No. 1 – Las Vegas Aces
- Position: Forward
- League: WNBA

Personal information
- Born: March 16, 2000 (age 26) Alliance, Ohio, U.S.
- Listed height: 6 ft 1 in (1.85 m)
- Listed weight: 176 lb (80 kg)

Career information
- High school: Canton McKinley (Canton, Ohio)
- College: Ohio State (2019–2020); Florida Gulf Coast (2020–2022);
- WNBA draft: 2022: 1st round, 11th overall pick
- Drafted by: Las Vegas Aces
- Playing career: 2022–present

Career history
- 2022–present: Las Vegas Aces
- 2022–2023: Adelaide Lightning
- 2023: Athletes Unlimited League

Career highlights
- 3× WNBA champion (2022, 2023, 2025); Commissioner's Cup champion (2022); 2× Honorable Mention All-American (AP, USBWA, WBCA) (2021, 2022); 2× ASUN Player of the Year (2021, 2022); ASUN Newcomer of the Year (2021); 2× ASUN All-First Team (2021, 2022); 2× ASUN tournament MVP (2021, 2022); 2× Becky Hammon Mid-Major Player of the Year (2021, 2022); Big Ten All-Freshman Team (2020); McDonald's All-American (2019); 3× Ohio Ms. Basketball (2017, 2018, 2019);
- Stats at Basketball Reference

= Kierstan Bell =

American basketball player (born 2000)

Kierstan Bell (born March 16, 2000) is an American professional basketball player for the Las Vegas Aces in the Women's National Basketball Association (WNBA). She played college basketball at Florida Gulf Coast and Ohio State.

==College career==
===Ohio State===
Bell was rated as the 8th-best overall recruit in the nation by ESPN HoopGurlz and the 18th overall by ProspectsNation.com in 2019. Bell signed to play with Ohio State out of high school. Bell had an outstanding freshman season for the Buckeyes, being named to the Big Ten All-Freshman Team, Honorable Mention All-Big Ten Team, and three-time Big Ten Player of the Week.
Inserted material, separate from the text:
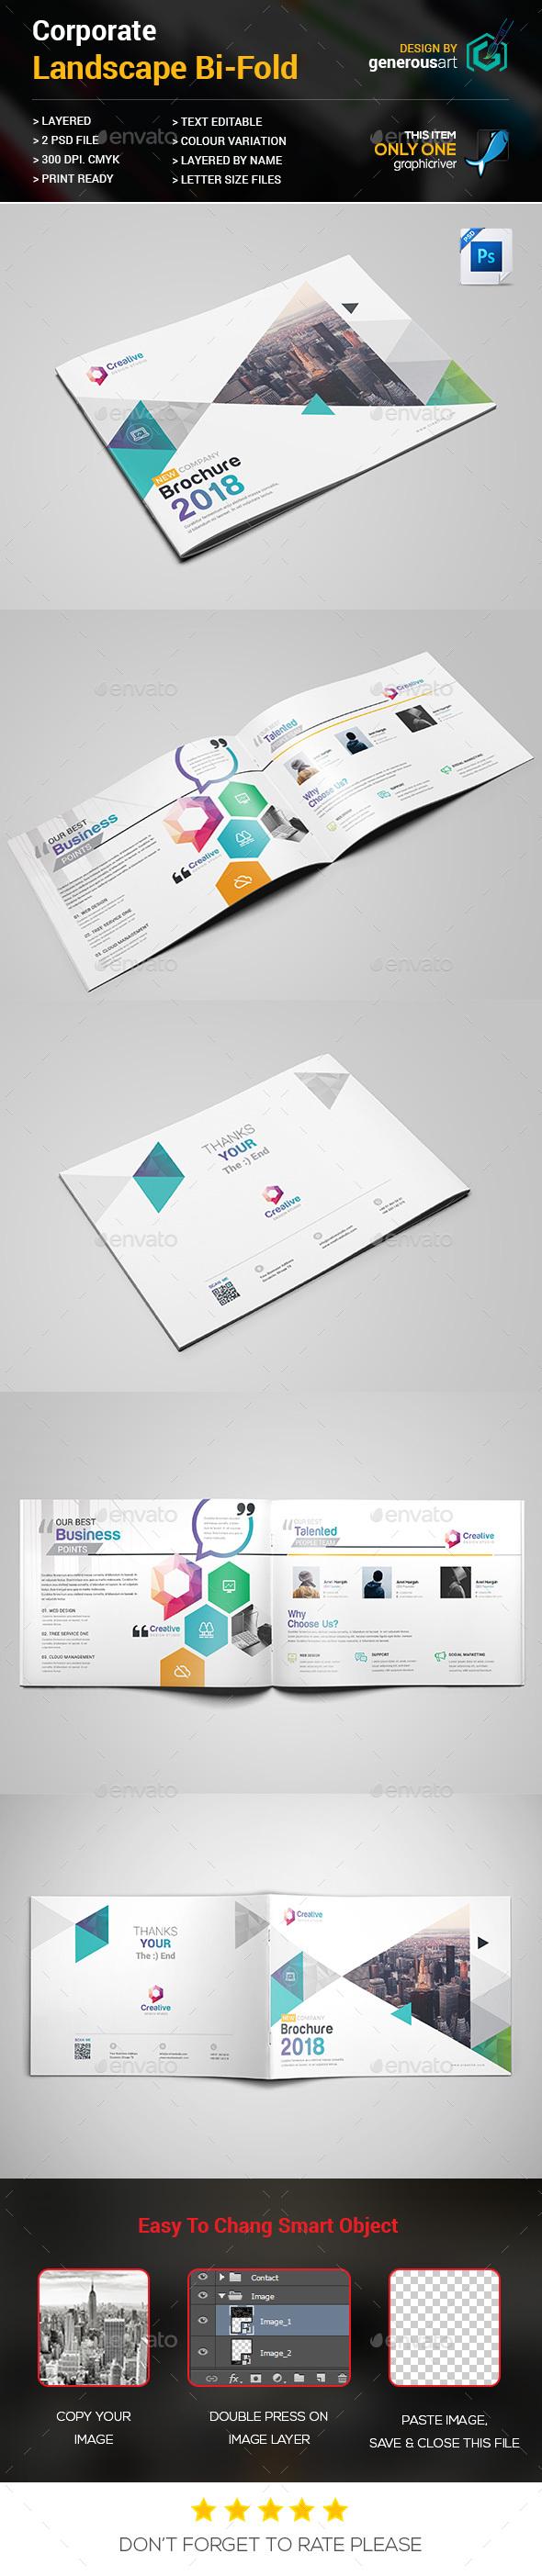 Landscape Bi-Fold Template - Corporate Brochures

Following her freshman season, Bell announced that she was entering the transfer portal and leaving Ohio State.

===Florida Gulf Coast University===
On May 5, 2020, Bell signed to continue her collegiate basketball career with Florida Gulf Coast.

During her sophomore campaign, Bell produced the best season in program history for the Eagles. She averaged 24.3 points, 10.6 rebounds, 1.9 steals and 2.3 blocks. She was named the ASUN Player of the Week 6 different times and named the ASUN Newcomer of the Week a record ten times. Bell was also named the ASUN Player of the Year, Newcomer of the Year, the Becky Hammon Mid-Major Player of the Year, WBCA Honorable Mention All-American, AP Honorable Mention All-American, and USBWA Honorable Mention All-American.

Prior to her junior year, ESPN named Bell the 16th-best women's college basketball player for the 2021–22 season. Bell averaged 22.8 points and 7.3 rebounds during the year, but also missed time due to a partial torn meniscus. Bell also set a new ASUN record for the number of Player of the Week Honors during the season. On January 18, 2022, Bell was awarded the 11th Player of the Week honor of career.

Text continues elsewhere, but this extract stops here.